Preferably, the function conversion module includes:
extracting tasks needing conversion at present according to the indexes;
extracting the name and the mirror image address of the task needing to be converted currently;
packing information including the names, mirror addresses, name spaces and automatic expansion rules of the tasks to generate a corresponding server-free function;
the workflow system distributes a pair of input keys and output keys to each server-free function instance according to the input and output specified by the task;
the workflow system writes sets K _ input and K _ output of input files and output files in input keys and output keys corresponding to each serverless function instance;
when no service function is executed, the workflow system downloads the function mirror image, deploys the corresponding server-free function in the cluster according to the mirror image, generates a function running example, and reserves the Restful API interface exposed by the example.

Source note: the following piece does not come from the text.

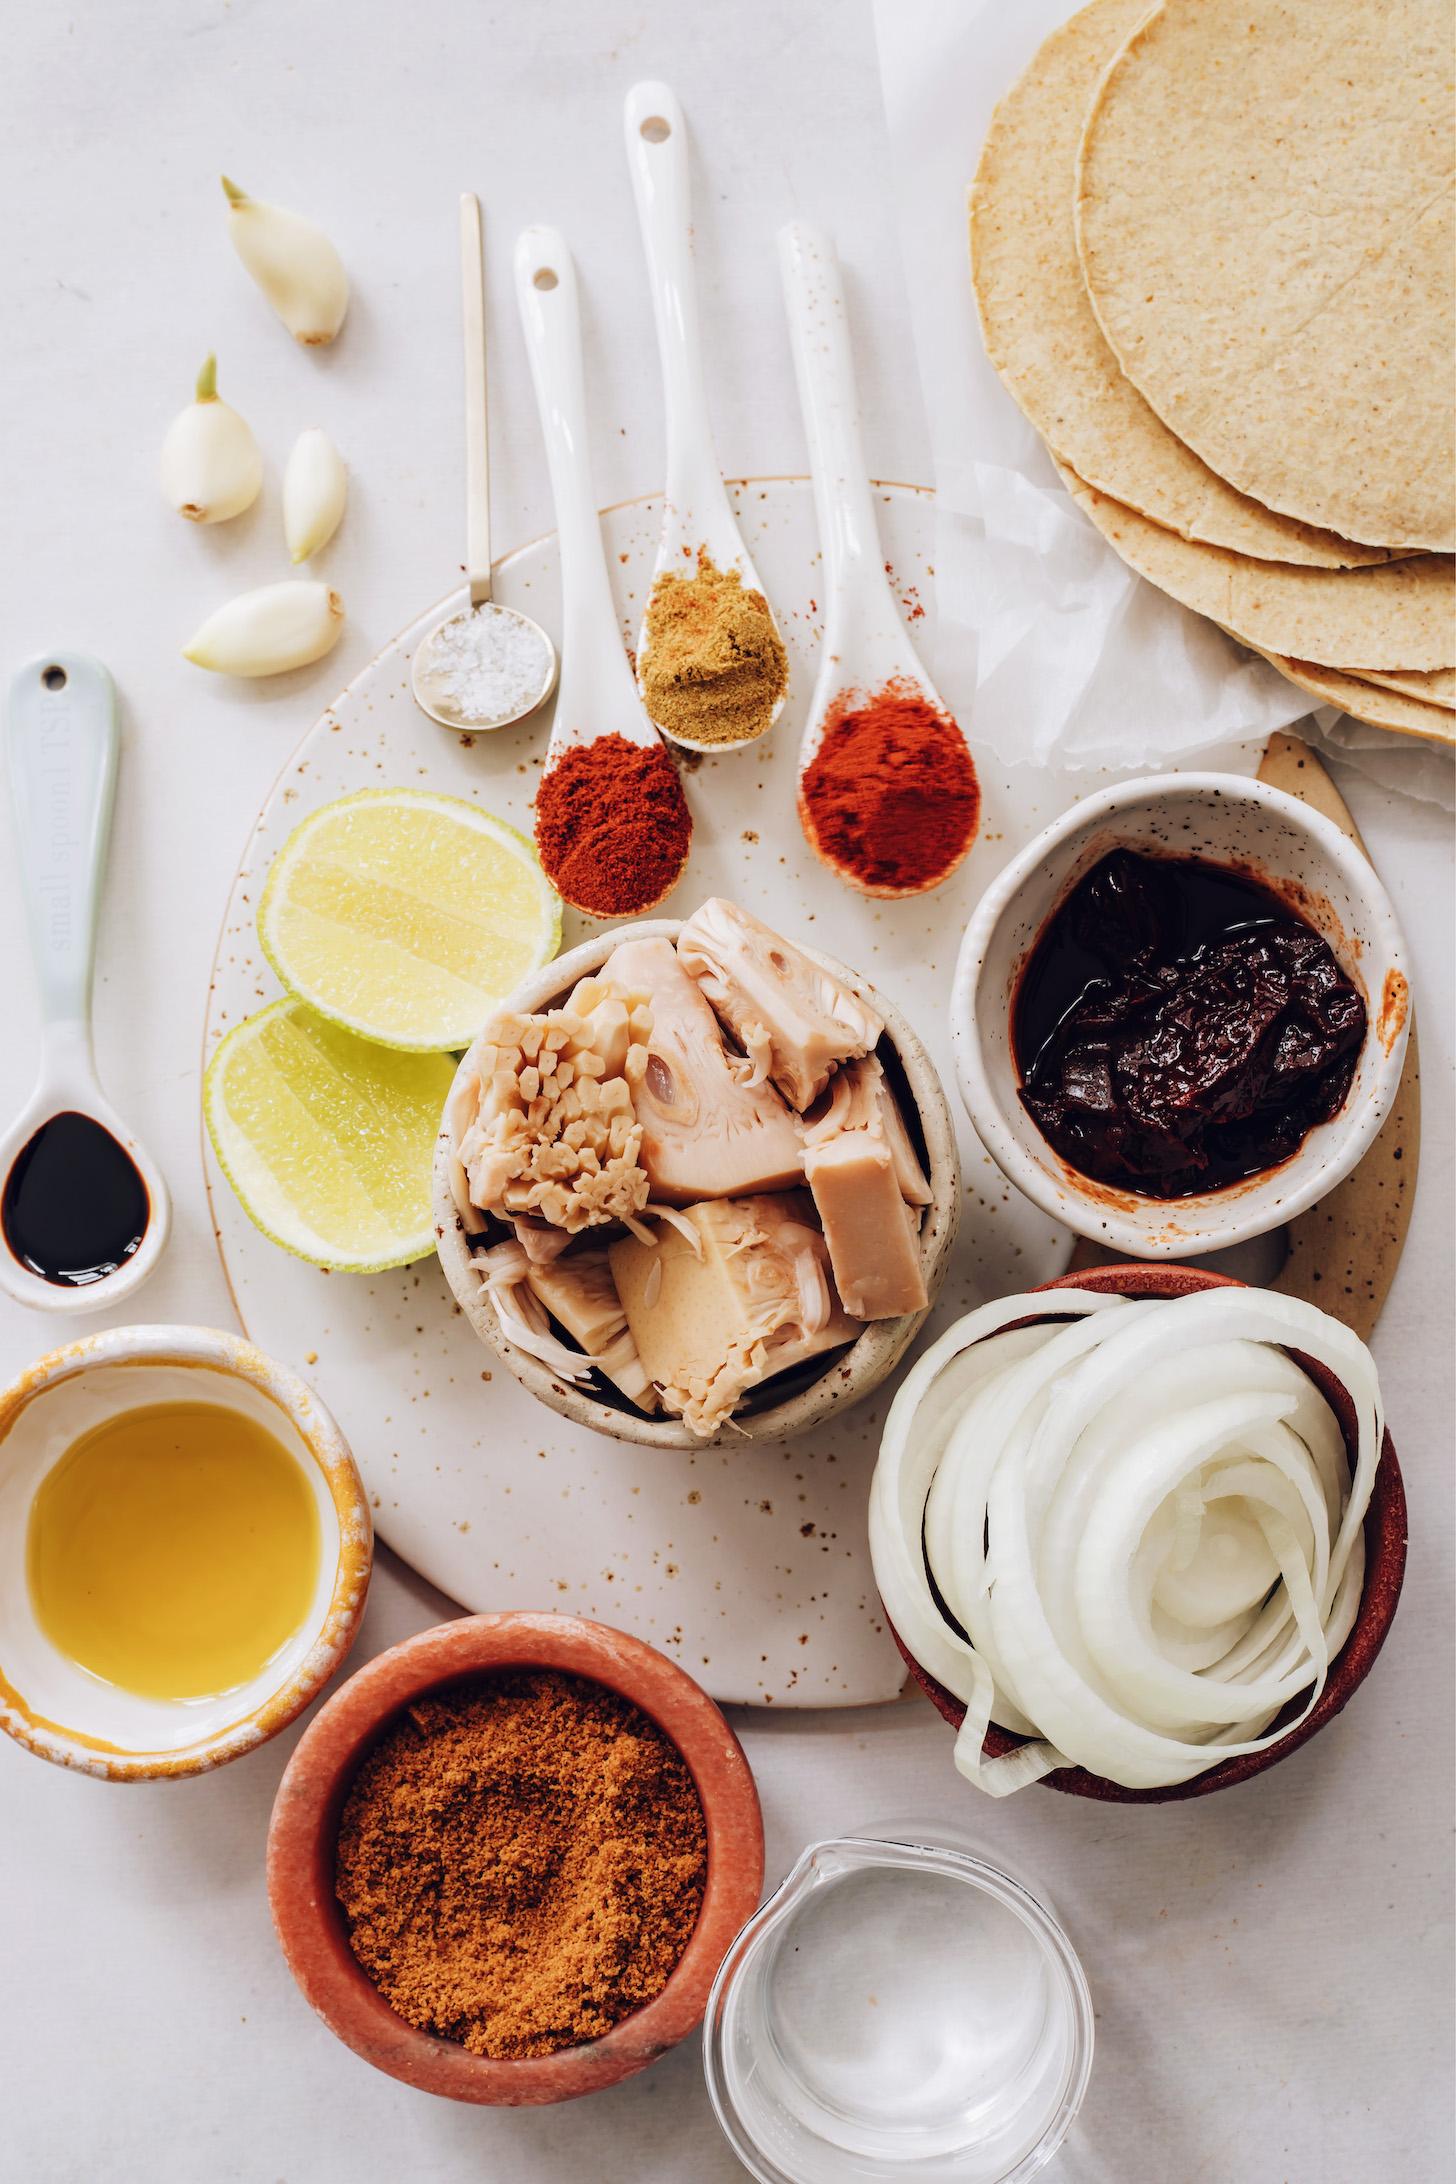 Garlic, salt, lime, spices, jackfruit, adobo pepper, onion, corn tortillas, water, oil, and coconut aminos

Compared with the prior art, the invention has the following beneficial effects:
1) through the DAG conversion module, when submitting the workflow, a user can operate the workflow only by specifying input, output and mirror images without specifying the resource amount required by the workflow, so that the burden of the user is reduced, and the user experience is improved;
2) the automatic conversion from the workflow task to the server-free function is realized through the function conversion module, so that the usability of a server-free framework and the automatic deployment level of the workflow are improved;
3) the number of function examples is adjusted, and the system can automatically adjust the resources and the number occupied by the functions according to the residual time of the scientific workflow tasks and the resource availability of the clusters, so that the completion time of the workflow is optimized, the resource reuse rate of the clusters is improved, and dual-target optimization is realized;
4) the system is adaptive to various cloud environments, and can be conveniently deployed on various clusters due to the independent underlying structure and the independence of the system on certain specific services, so that the system has good universality.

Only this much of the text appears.